O ensino débil nas escolas públicas reforça a precarização do trabalho juvenil? Esta e outras questões são respondidas em número da revista

Por Revista Trabalho, Educação e Saúde

No eixo formação de trabalhadores de nível médio para o mundo do trabalho, dois artigos publicados no primeiro número de 2018 da Revista Trabalho, Educação e Saúde merecem atenção.

No primeiro, O ensino médio e a inserção juvenil no mercado de trabalho, Ramon de Oliveira, da Universidade Federal de Pernambuco (UFPE), discute a relação entre a inserção da juventude no mercado de trabalho e sua passagem pelo ensino médio, utilizando como argumento central a recente contrarreforma do ensino médio. Para ele, isso não garantirá a conclusão da educação básica e promoverá a formação precarizada nas escolas públicas, reforçando a precarização do trabalho juvenil.

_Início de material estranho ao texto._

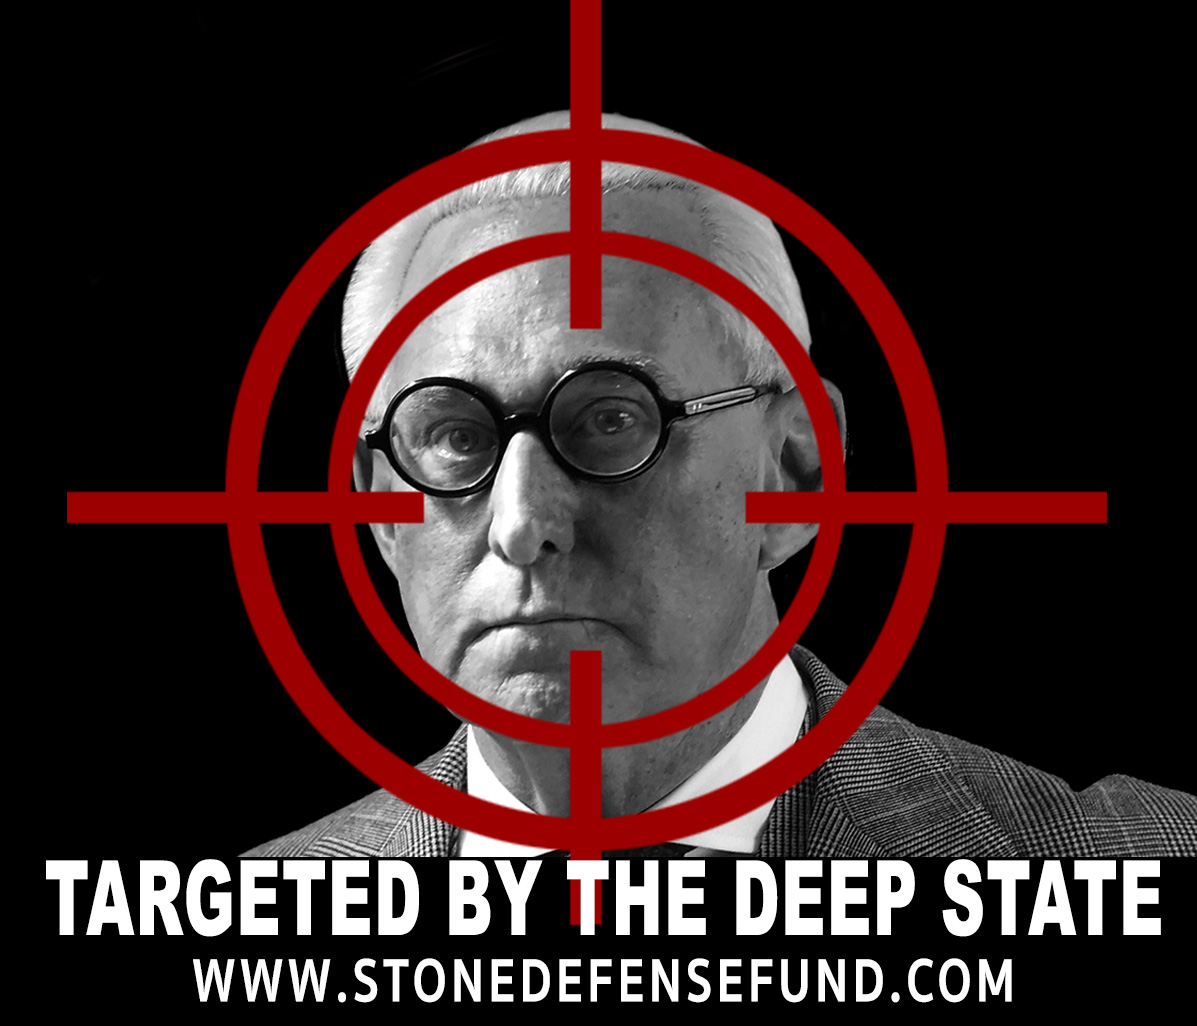 Image: Bombshell: New texts support Roger Stone’s claims regarding backchannel to Wikileaks even as Mueller still targeting him

As fontes de pesquisa foram compostas por dados do Instituto Brasileiro de Geografia e Estatística, do Cadastro Geral de Empregados e Desempregados e da Relação Anual de Informações Sociais, do Instituto Nacional de Estudos e Pesquisas Educacionais Anísio Teixeira e pesquisas realizadas pelo Ministério do Trabalho.

O segundo artigo, Mediação entre a escola e o novo mundo do trabalho na formação de técnicos de nível médio, de José dos Santos Souza, da Universidade Federal Rural do Rio de Janeiro (UFRRJ), investiga a mediação entre a escola e o mundo do trabalho na formação de técnicos de nível médio da Rede Federal de Educação Profissional, Científica e Tecnológica brasileira, materializada por meio das atividades de estágio supervisionado.

O objetivo é explicitar em que aspecto a mediação entre a escola e o mundo do trabalho tem sido pervertida pela lógica mercantil, na qual predomina a perspectiva de formação interessada e imediatista, o que corrompe as atividades de estágio supervisionado, conferindo-lhe características próprias de trabalho precário.